* [YOUR TASK]:
Below are records; reproduce exactly the lines from the first through the one containing "Kenya, Uganda, Tanzania".
·····
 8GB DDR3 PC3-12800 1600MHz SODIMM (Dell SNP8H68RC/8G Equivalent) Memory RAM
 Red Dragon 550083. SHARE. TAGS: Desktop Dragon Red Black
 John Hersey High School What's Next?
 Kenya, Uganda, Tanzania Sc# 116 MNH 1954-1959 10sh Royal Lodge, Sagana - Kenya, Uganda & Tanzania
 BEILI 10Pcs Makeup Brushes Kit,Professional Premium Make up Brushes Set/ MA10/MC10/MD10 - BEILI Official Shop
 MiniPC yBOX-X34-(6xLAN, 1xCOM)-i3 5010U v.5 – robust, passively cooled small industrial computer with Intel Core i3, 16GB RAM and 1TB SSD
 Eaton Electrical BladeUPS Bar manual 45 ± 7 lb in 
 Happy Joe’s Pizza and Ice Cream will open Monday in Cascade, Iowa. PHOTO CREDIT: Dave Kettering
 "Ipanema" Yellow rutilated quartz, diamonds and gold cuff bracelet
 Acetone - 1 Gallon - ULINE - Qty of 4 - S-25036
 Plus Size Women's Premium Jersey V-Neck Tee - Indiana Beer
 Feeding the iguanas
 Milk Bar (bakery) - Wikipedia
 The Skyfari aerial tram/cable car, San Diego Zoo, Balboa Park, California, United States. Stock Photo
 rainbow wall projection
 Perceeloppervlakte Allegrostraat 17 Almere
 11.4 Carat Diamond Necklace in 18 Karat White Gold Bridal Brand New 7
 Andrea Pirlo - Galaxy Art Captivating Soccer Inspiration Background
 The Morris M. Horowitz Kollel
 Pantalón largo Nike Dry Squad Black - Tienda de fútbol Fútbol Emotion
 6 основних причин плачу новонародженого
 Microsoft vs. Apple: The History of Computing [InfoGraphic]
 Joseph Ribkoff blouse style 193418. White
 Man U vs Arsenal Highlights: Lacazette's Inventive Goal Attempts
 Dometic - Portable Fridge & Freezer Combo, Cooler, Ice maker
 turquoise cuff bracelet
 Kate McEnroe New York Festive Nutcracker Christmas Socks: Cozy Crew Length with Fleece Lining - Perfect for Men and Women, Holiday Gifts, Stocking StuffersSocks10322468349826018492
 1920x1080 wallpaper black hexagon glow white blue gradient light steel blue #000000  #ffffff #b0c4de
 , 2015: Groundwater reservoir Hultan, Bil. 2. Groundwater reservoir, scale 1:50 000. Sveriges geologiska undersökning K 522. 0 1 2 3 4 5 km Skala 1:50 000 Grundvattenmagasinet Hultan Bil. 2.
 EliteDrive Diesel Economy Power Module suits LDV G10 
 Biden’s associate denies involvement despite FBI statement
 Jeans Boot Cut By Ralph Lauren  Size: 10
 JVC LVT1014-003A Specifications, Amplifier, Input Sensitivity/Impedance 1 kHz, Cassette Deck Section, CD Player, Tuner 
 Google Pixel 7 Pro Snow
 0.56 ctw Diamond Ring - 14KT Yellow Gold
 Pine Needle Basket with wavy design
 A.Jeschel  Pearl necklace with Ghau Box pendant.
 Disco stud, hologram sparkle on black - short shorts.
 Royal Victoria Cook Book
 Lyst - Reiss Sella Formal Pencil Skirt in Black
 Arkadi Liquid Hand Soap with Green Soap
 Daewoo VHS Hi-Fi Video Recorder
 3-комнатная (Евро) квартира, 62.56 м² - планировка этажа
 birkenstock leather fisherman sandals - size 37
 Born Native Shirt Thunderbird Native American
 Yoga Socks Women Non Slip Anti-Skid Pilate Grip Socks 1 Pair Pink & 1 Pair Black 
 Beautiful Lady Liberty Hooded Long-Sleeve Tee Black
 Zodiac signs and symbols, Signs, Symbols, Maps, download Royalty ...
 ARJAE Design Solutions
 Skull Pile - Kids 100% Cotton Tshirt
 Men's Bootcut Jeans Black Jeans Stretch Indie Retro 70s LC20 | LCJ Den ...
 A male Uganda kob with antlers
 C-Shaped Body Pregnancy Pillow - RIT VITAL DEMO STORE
·····
* [EXERCISE ANSWER]:
 8GB DDR3 PC3-12800 1600MHz SODIMM (Dell SNP8H68RC/8G Equivalent) Memory RAM
 Red Dragon 550083. SHARE. TAGS: Desktop Dragon Red Black
 John Hersey High School What's Next?
 Kenya, Uganda, Tanzania Sc# 116 MNH 1954-1959 10sh Royal Lodge, Sagana - Kenya, Uganda & Tanzania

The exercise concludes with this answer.